Orbital characteristics
- Epoch 23 March 2018 (JD 2458200.5)
- Uncertainty parameter 0
- Observation arc: 63.75 yr (23,284 d)
- Aphelion: 2.5327 AU
- Perihelion: 2.0074 AU
- Semi-major axis: 2.2700 AU
- Eccentricity: 0.1157
- Orbital period (sidereal): 3.42 yr (1,249 d)
- Mean anomaly: 131.81°
- Mean motion: 0° 17^{m} 17.52^{s} / day
- Inclination: 5.7774°
- Longitude of ascending node: 199.13°
- Argument of perihelion: 333.08°

Physical characteristics
- Mean diameter: 3.488±0.233 km 3.9 km (est. at 0.24)
- Geometric albedo: 0.24 (Flora albedo) 0.333±0.070
- Spectral type: S (SDSS-MOC)
- Absolute magnitude (H): 14.2

= 7687 Matthias =

Main-belt asteroid

7687 Matthias, provisional designation , is a stony Florian asteroid from the inner regions of the asteroid belt, approximately 4 km in diameter. It was discovered on 24 September 1960, by Ingrid and Cornelis van Houten at Leiden, and Tom Gehrels at Palomar Observatory in California. The S-type asteroid was named for German amateur astronomer Matthias Busch.

== Orbit and classification ==

Matthias is a member of the Flora family (402), a giant asteroid family and the largest family of stony asteroids in the main-belt. It orbits the Sun in the inner asteroid belt at a distance of 2.0–2.5 AU once every 3 years and 5 months (1,249 days; semi-major axis of 2.27 AU). Its orbit has an eccentricity of 0.12 and an inclination of 6° with respect to the ecliptic. The body's observation arc begins with a precovery taken at Palomar in October 1953, or seven years prior to its official discovery observation.

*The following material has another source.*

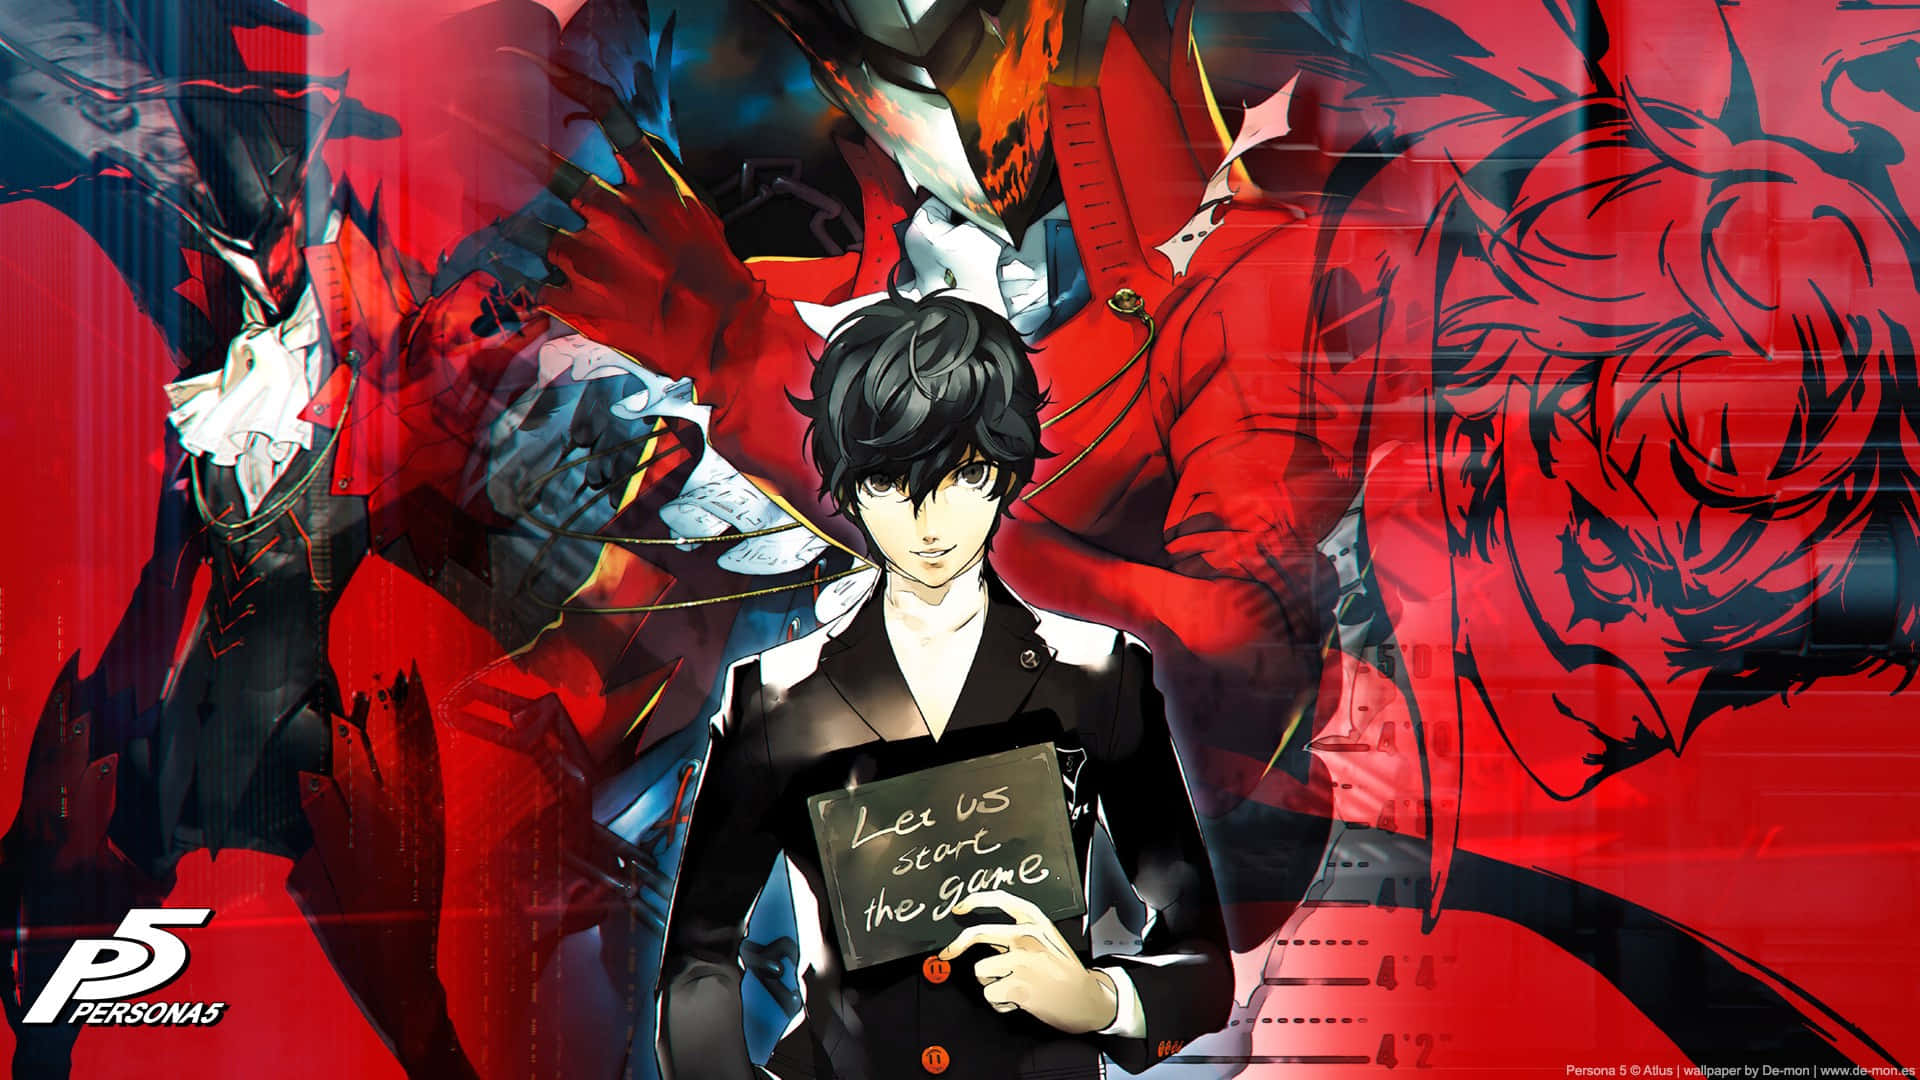 The emblem of the Phantom Thieves from the game Persona 5. Wallpaper

=== Palomar–Leiden survey ===

The survey designation "P-L" stands for "Palomar–Leiden", named after Palomar Observatory and Leiden Observatory, which collaborated on the fruitful Palomar–Leiden survey in the 1960s. Gehrels used Palomar's Samuel Oschin telescope (also known as the 48-inch Schmidt Telescope), and shipped the photographic plates to Ingrid and Cornelis van Houten at Leiden Observatory where astrometry was carried out. The trio are credited with the discovery of several thousand asteroid discoveries.

== Physical characteristics ==

In the SDSS-based taxonomy, Matthias is a common, stony S-type asteroid. It has an absolute magnitude of 14.2. As of 2018, no rotational lightcurve of Matthias has been obtained from photometric observations. The body's rotation period, pole and shape remain unknown.

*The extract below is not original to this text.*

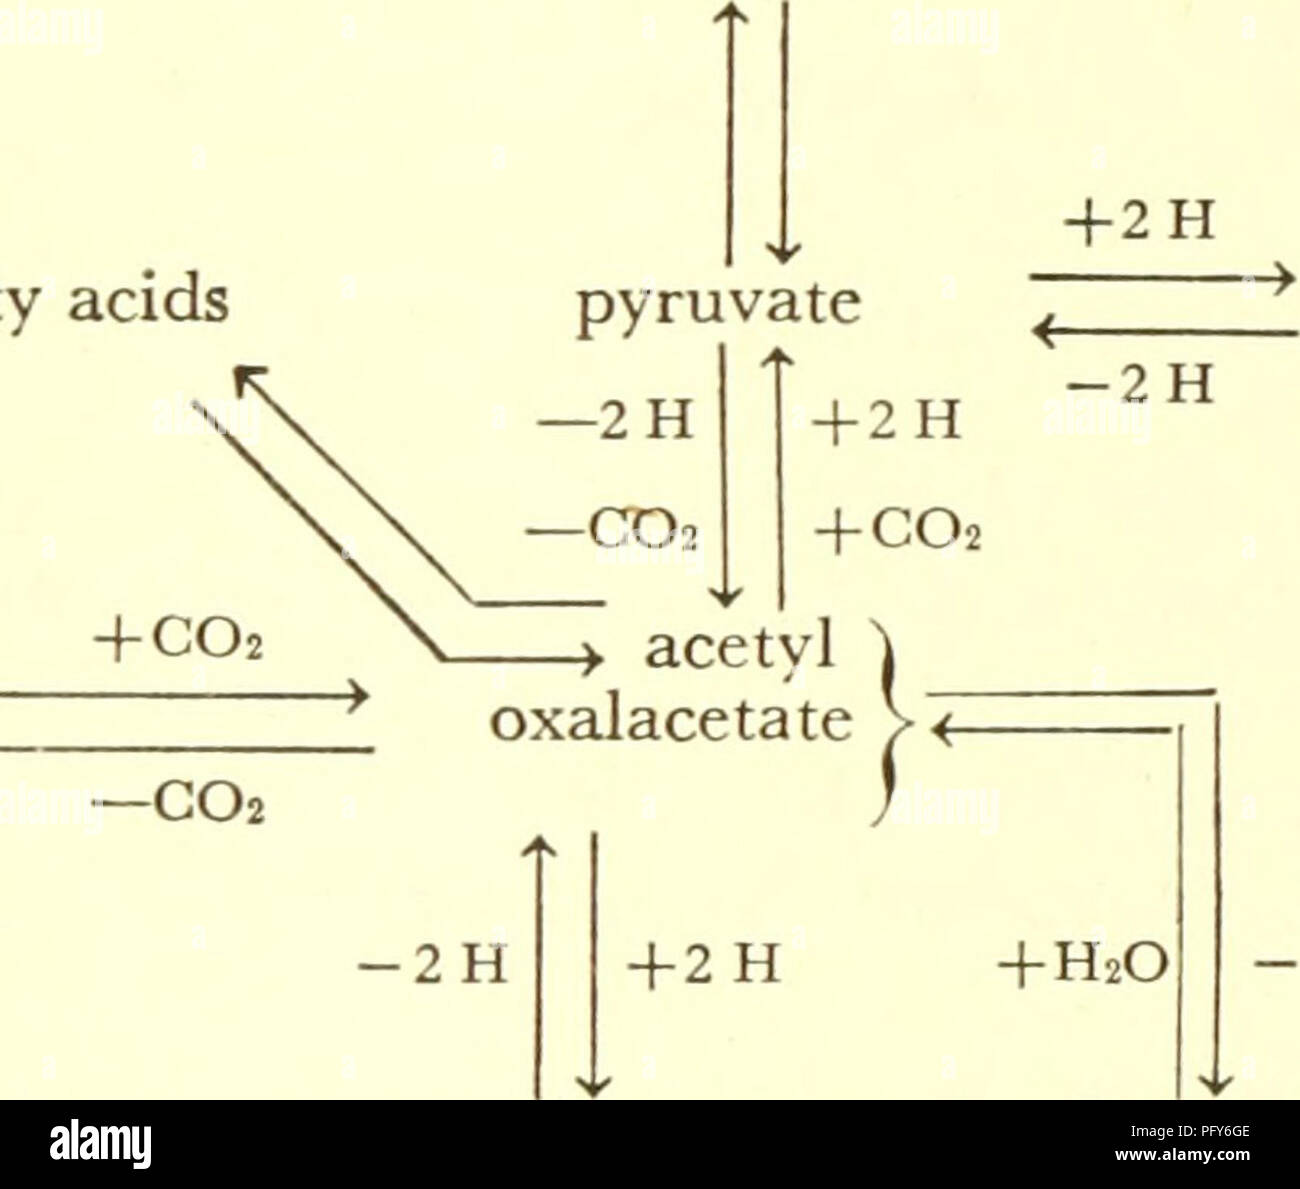 . Currents in biochemical research. Biochemistry -- Research; Biochemistry; Research. CARBON DIOXIDE formed earlier can be converted to pyruvic acid by reductive carboxyl- ation, i. e., by reversal of reaction Ilia. We would thus have a cyclic mechanism whereby carbon dioxide and hydrogen entering at various points would emerge as pyruvic acid. The di- and tricarboxylic acids would only act catalytically as carriers of carbon dioxide and hydrogen. This is a reversal of the so-called tricarboxylic acid cycle, which is considered to be an important pathway for the oxidative breakdown of carbohyd Stock Photo

=== Diameter and albedo ===

According to the survey carried out by the NEOWISE mission of NASA's Wide-field Infrared Survey Explorer, Matthias measures 3.488 kilometers in diameter and its surface has an albedo of 0.333. Alternatively, the asteroid measures 3.9 kilometers, based on a generic magnitude-to-diameter conversion with an albedo of 0.24 – derived from 8 Flora, the parent body of the Flora family.

== Naming ==

This minor planet was named after German amateur astronomer Matthias Busch (born 1968), an observer and discoverer of minor planets at the Starkenburg Observatory in Heppenheim, Germany. The asteroid's name was proposed by Lutz Schmadel and its official citation was published by the Minor Planet Center on 8 December 1998 (M.P.C. 33387).